Minggu, 19 Juli 2026

Di Balik Keterbatasan, Anak-Anak Papua Belajar dengan Papan Pintar: Senyum Mereka Mengalahkan Segalanya

Photo Author
Nurul Huda, Sketsa Nusantara
- Rabu, 4 Maret 2026 | 19:30 WIB
Seorang siswa Papua tersenyum bangga setelah berhasil menggambar huruf di papan pintar interaktif di kelas sederhana mereka. (Instagram @explorewith_ibuguru)
Seorang siswa Papua tersenyum bangga setelah berhasil menggambar huruf di papan pintar interaktif di kelas sederhana mereka. (Instagram @explorewith_ibuguru)

 

SketsaNusantara.id - Di sebuah ruang kelas sederhana di pelosok Papua, tersaji potret harapan yang tumbuh di tengah keterbatasan.

Sejumlah anak duduk bersila di atas lantai jerami dan rumput alang-alang kering.

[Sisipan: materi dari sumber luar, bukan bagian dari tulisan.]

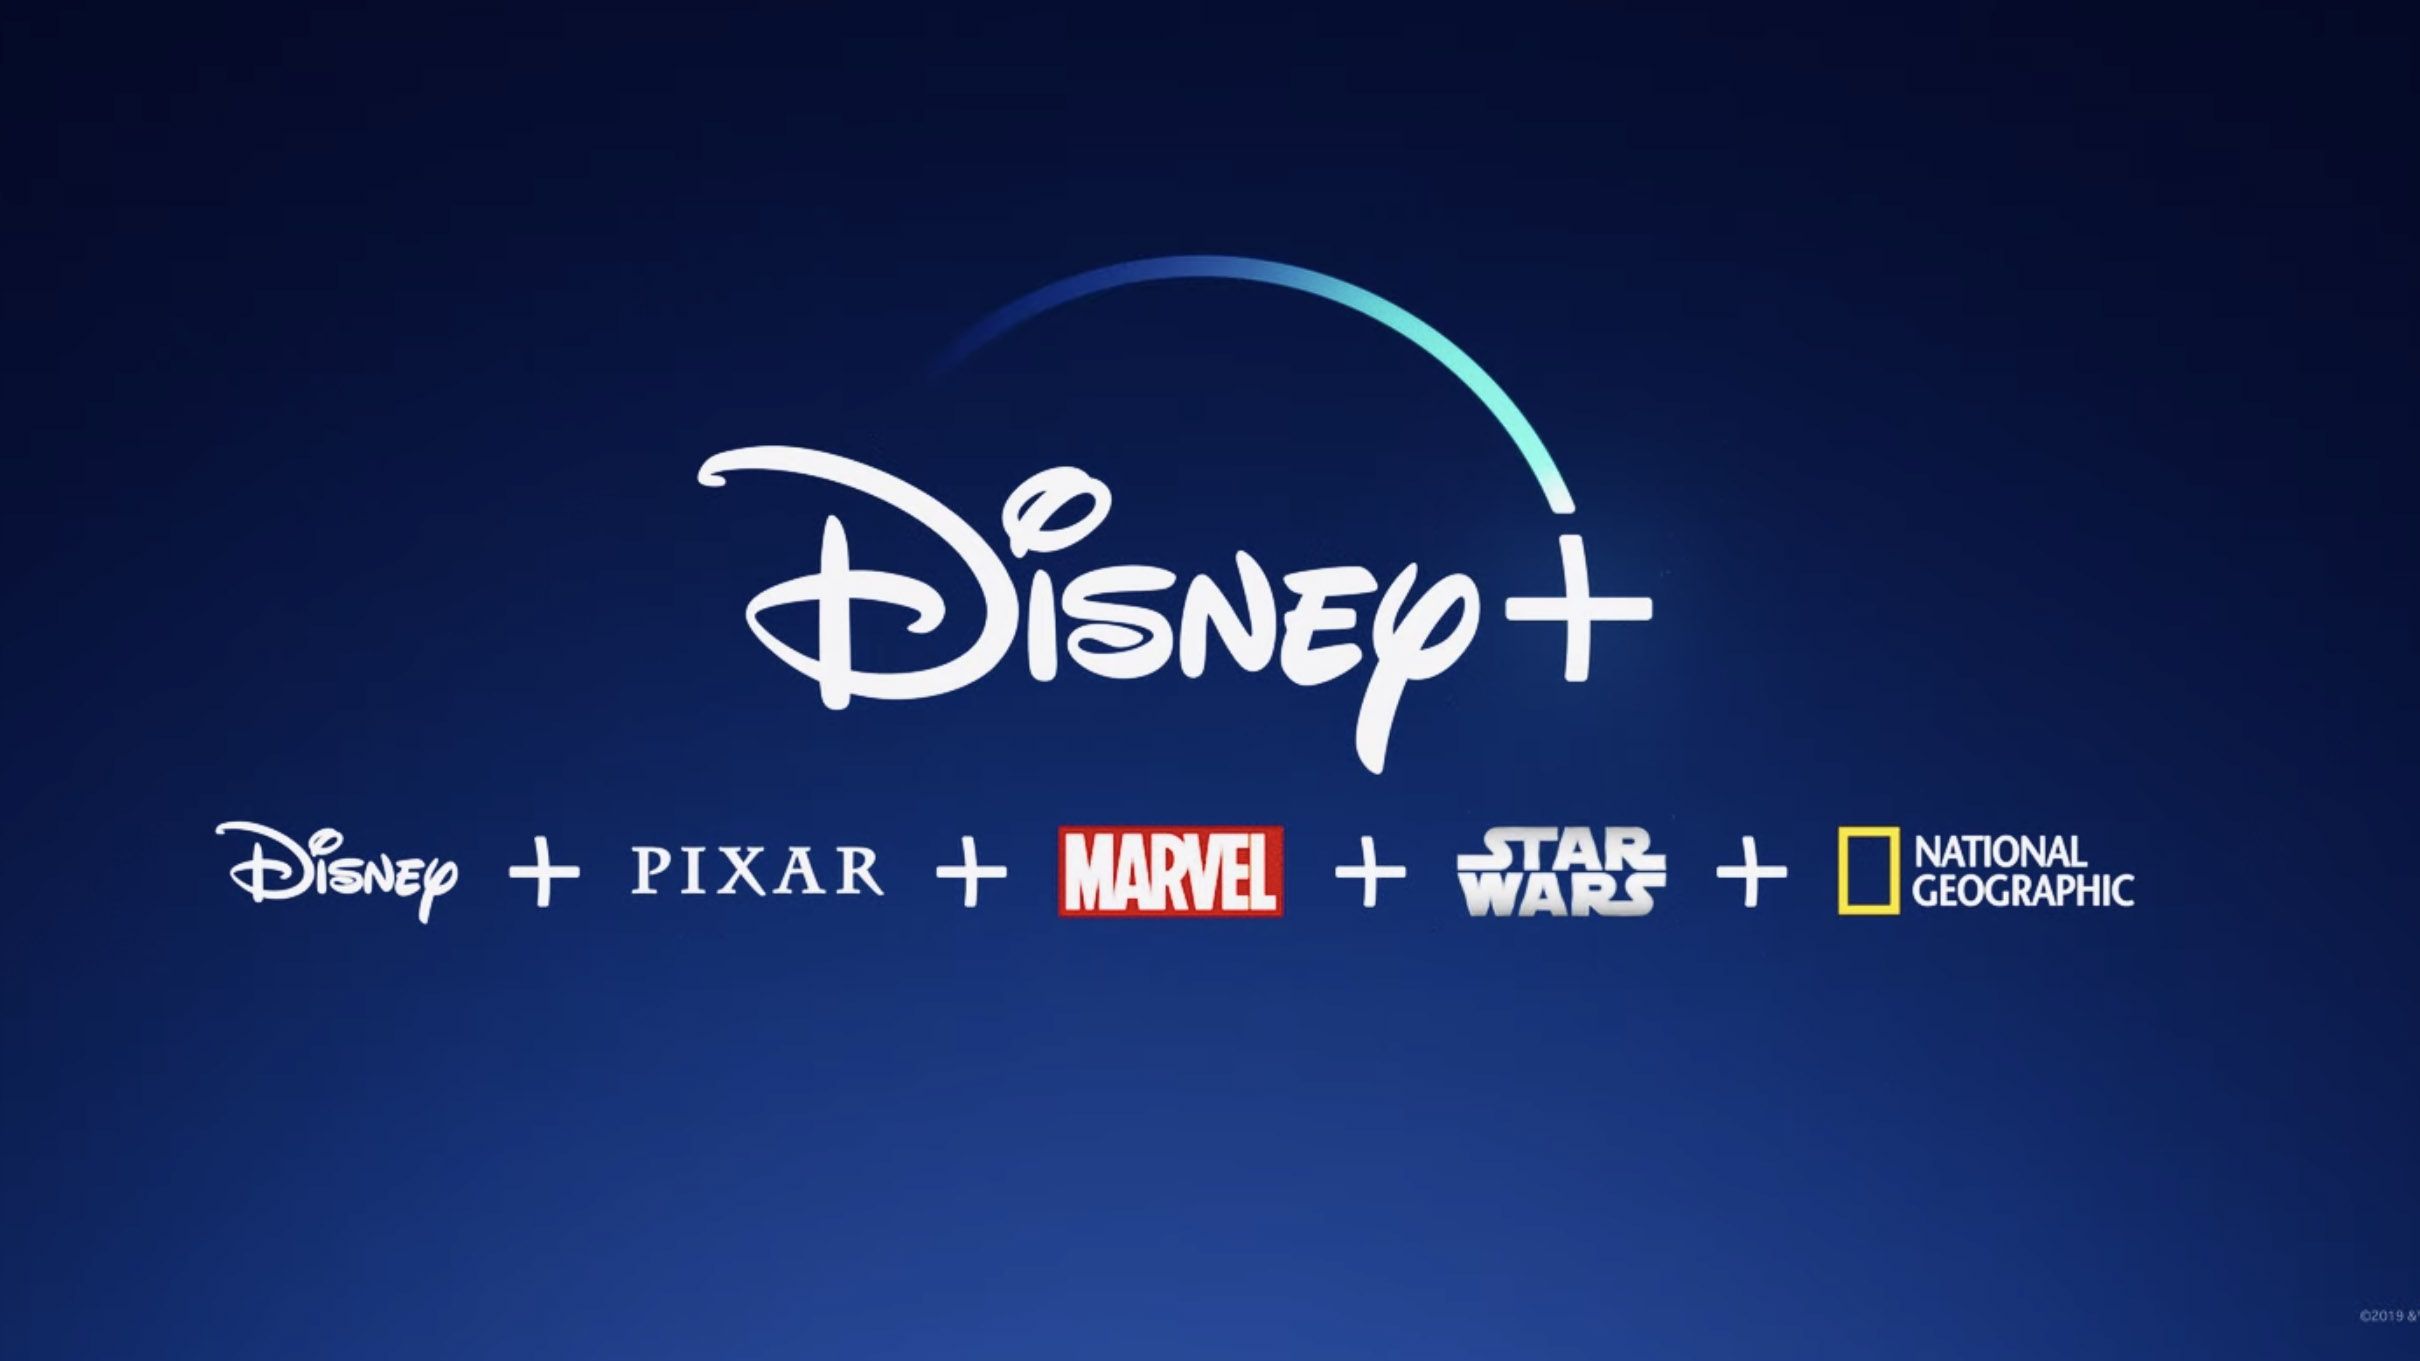 Bluey' Season 3 Release Date on Disney+ — Where to Watch New

Ruangan itu jauh dari kesan modern.

Namun di bagian depan kelas berdiri sebuah papan pintar interaktif yang menjadi simbol kemajuan dan jendela baru bagi mereka untuk mengenal dunia.

Baca Juga: Pesawat Smart Air Ditembak OTK di Boven Digoel Papua Selatan, Pilot dan Co-Pilot Gugur, Begini Kronologinya

Dilansir SketsaNusantara.id dari akun Instagram @explorewith_ibuguru, momen tersebut memperlihatkan bagaimana teknologi hadir di ruang belajar yang sangat sederhana.

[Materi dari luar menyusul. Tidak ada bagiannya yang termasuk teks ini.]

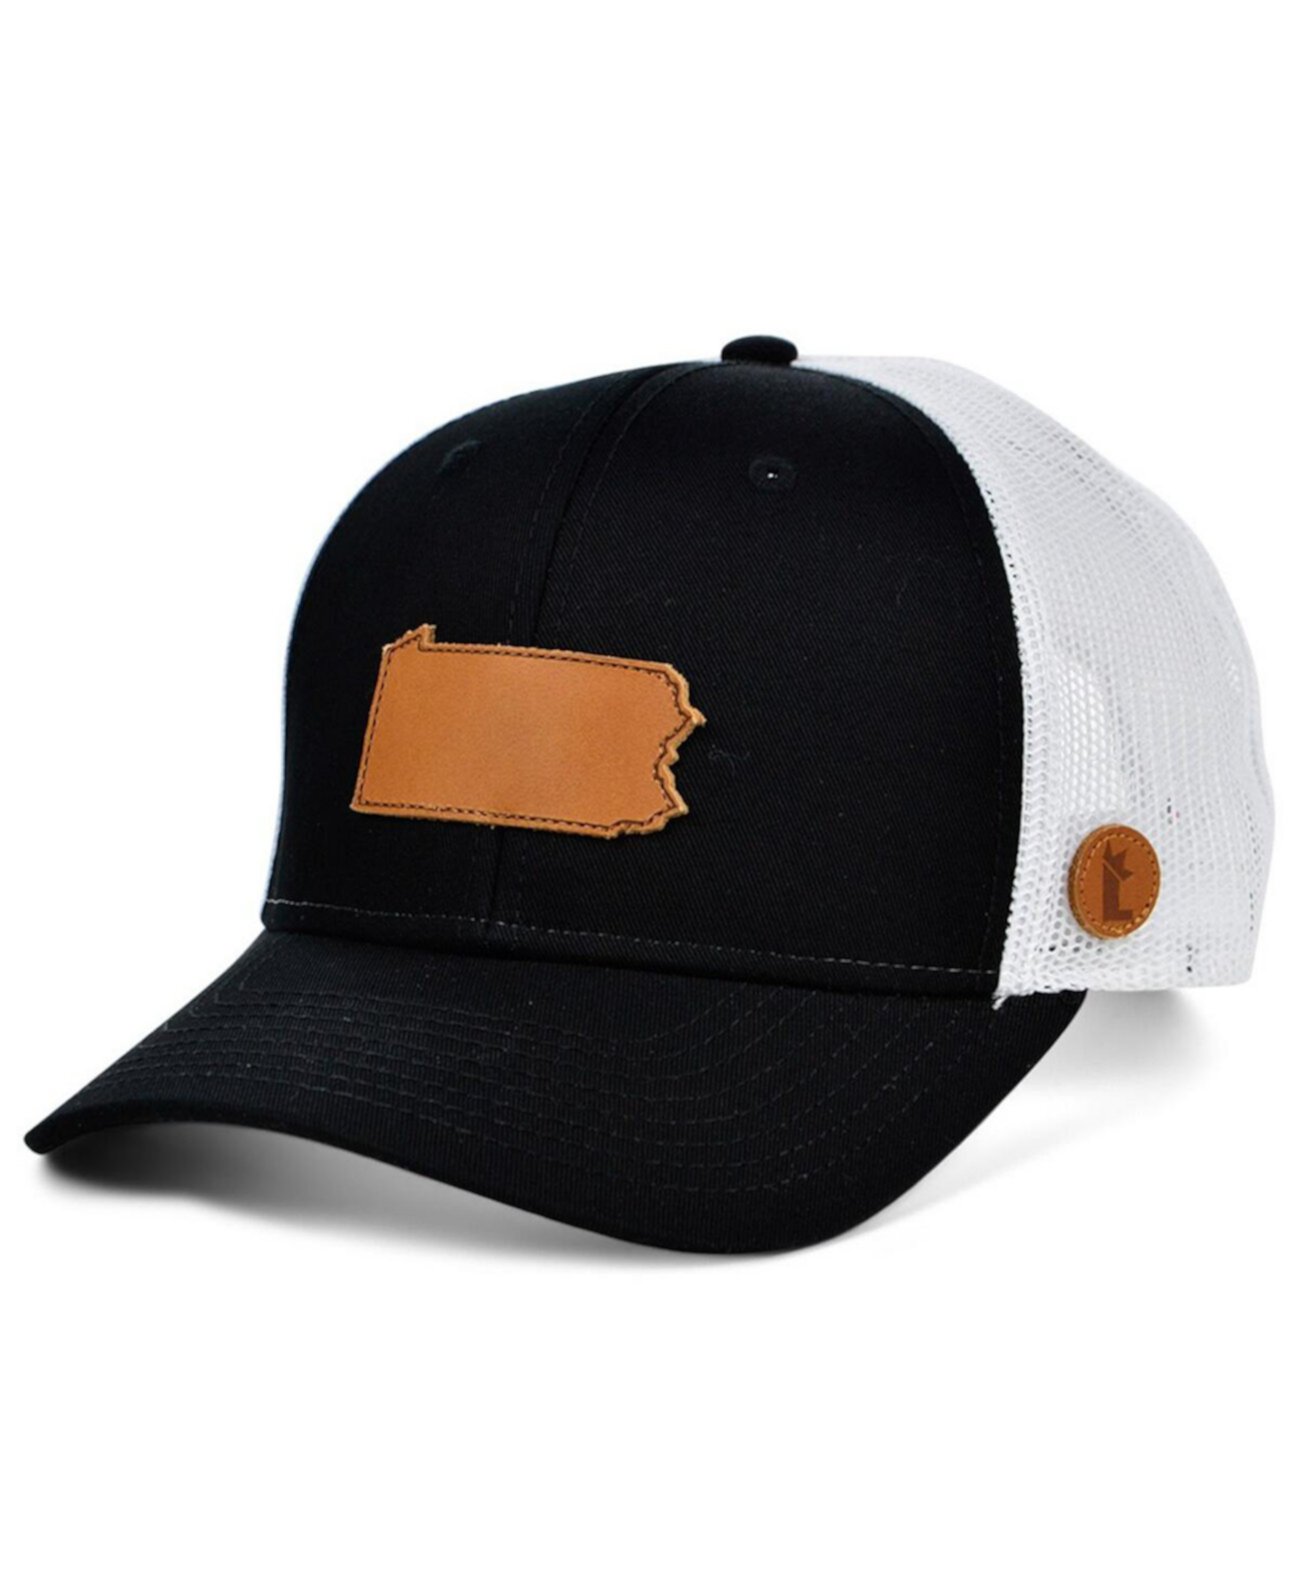 Men's Black and White Pennsylvania Statement Trucker Snapback Adjustable Hat Local Crowns

Kontras antara kondisi ruangan dan perangkat pembelajaran modern justru menegaskan besarnya semangat belajar anak-anak tersebut.

Satu per satu murid maju ke depan kelas ketika namanya dipanggil. Ibu guru menyerahkan pensil sentuh kepada anak yang mendapat giliran.

Baca Juga: Prabowo Subianto Ingin Tanam Kelapa Sawit di Tanah Papua: Supaya Ada Kemandirian!

Seorang anak berseragam putih yang mulai kusam dipadukan dengan celana pendek merah tampak melangkah penuh percaya diri. Ia bahkan harus memanjat kursi kecil agar bisa menjangkau layar papan pintar.

Dengan penuh konsentrasi, ia menggambar huruf “N” mengikuti garis panduan yang tertera di layar. Begitu guratannya tepat, layar di hadapannya bertabur bintang sebagai tanda jawabannya benar.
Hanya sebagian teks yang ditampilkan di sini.